The objective of this paper is to apply machine learning algorithms for the prediction of student scores. After implementing and evaluating a range of machine learning algorithms, our findings demonstrated that the deep neural network model performed better than the competing algorithms in terms of determination coefficient and error metrics. With a determination coefficient of 99.97% and negligible errors, the deep neural network demonstrated the highest level of accuracy in predicting students’ grades.
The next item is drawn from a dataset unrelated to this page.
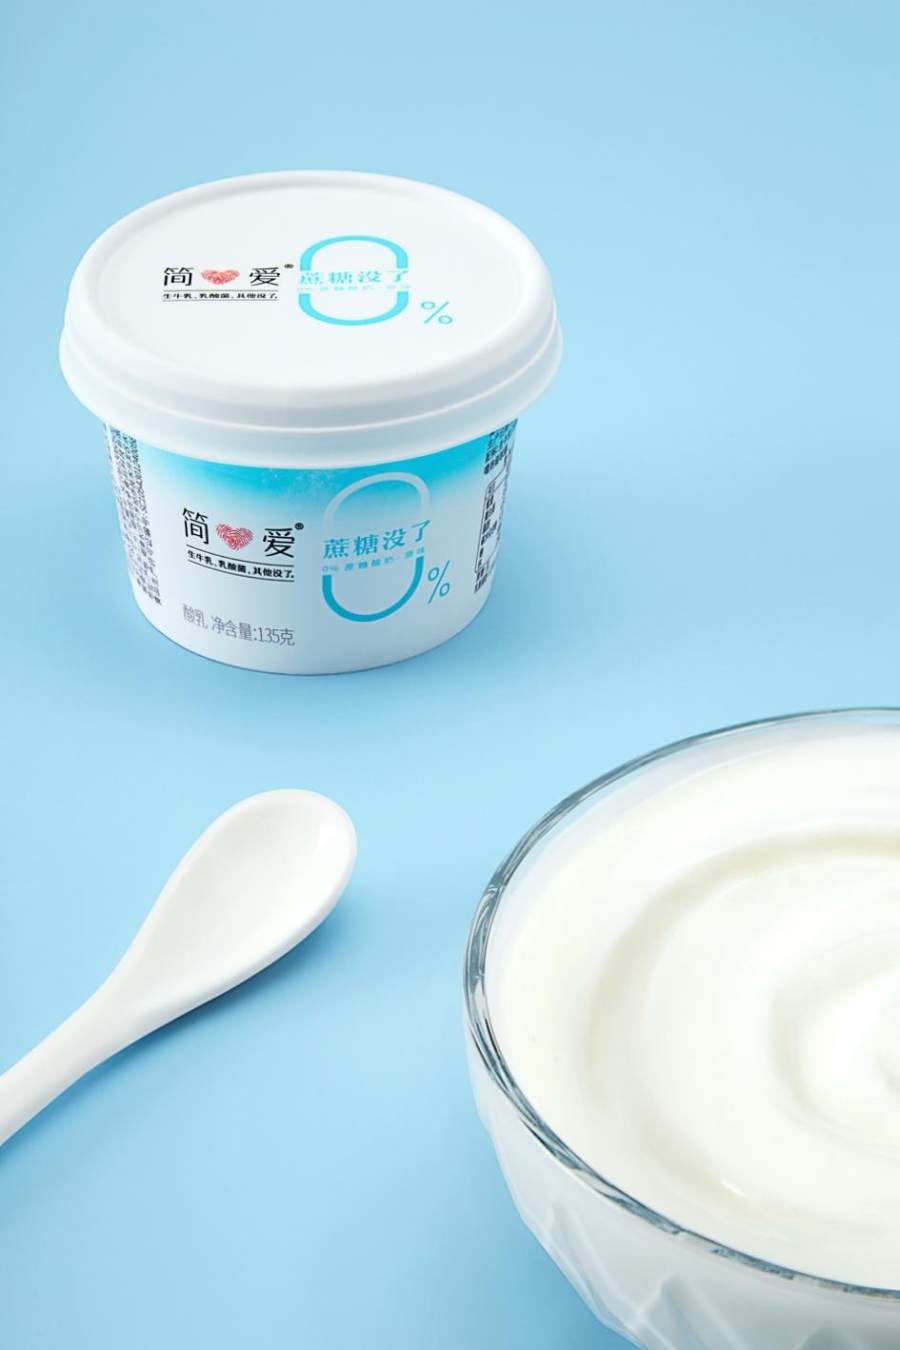 简爱酸奶打造“超级”供应链 夯实低温酸奶第一品牌

These results have important implications for educators and administrators looking to use machine learning to improve student outcomes and support student success. By identifying the most effective algorithms for predicting student grades, we can better understand the factors that contribute to student performance and tailor teaching approaches and support to the specific needs of individual students.

Overall, this study highlights the potential of machine learning to revolutionize the way we approach education by providing personalized and targeted support to students. By continuing to explore and refine these techniques, we can continue to make progress in helping students achieve their full potential.

Finally, we can say that the application of machine learning techniques to predict students’ marks has the potential to revolutionize the field of education. These models can offer a data-driven approach to identifying at-risk students, personalizing education, and improving overall academic outcomes. However, their implementation should be guided by a strong commitment to ethics and privacy to ensure that the benefits of these technologies are realized while safeguarding students’ rights and well-being.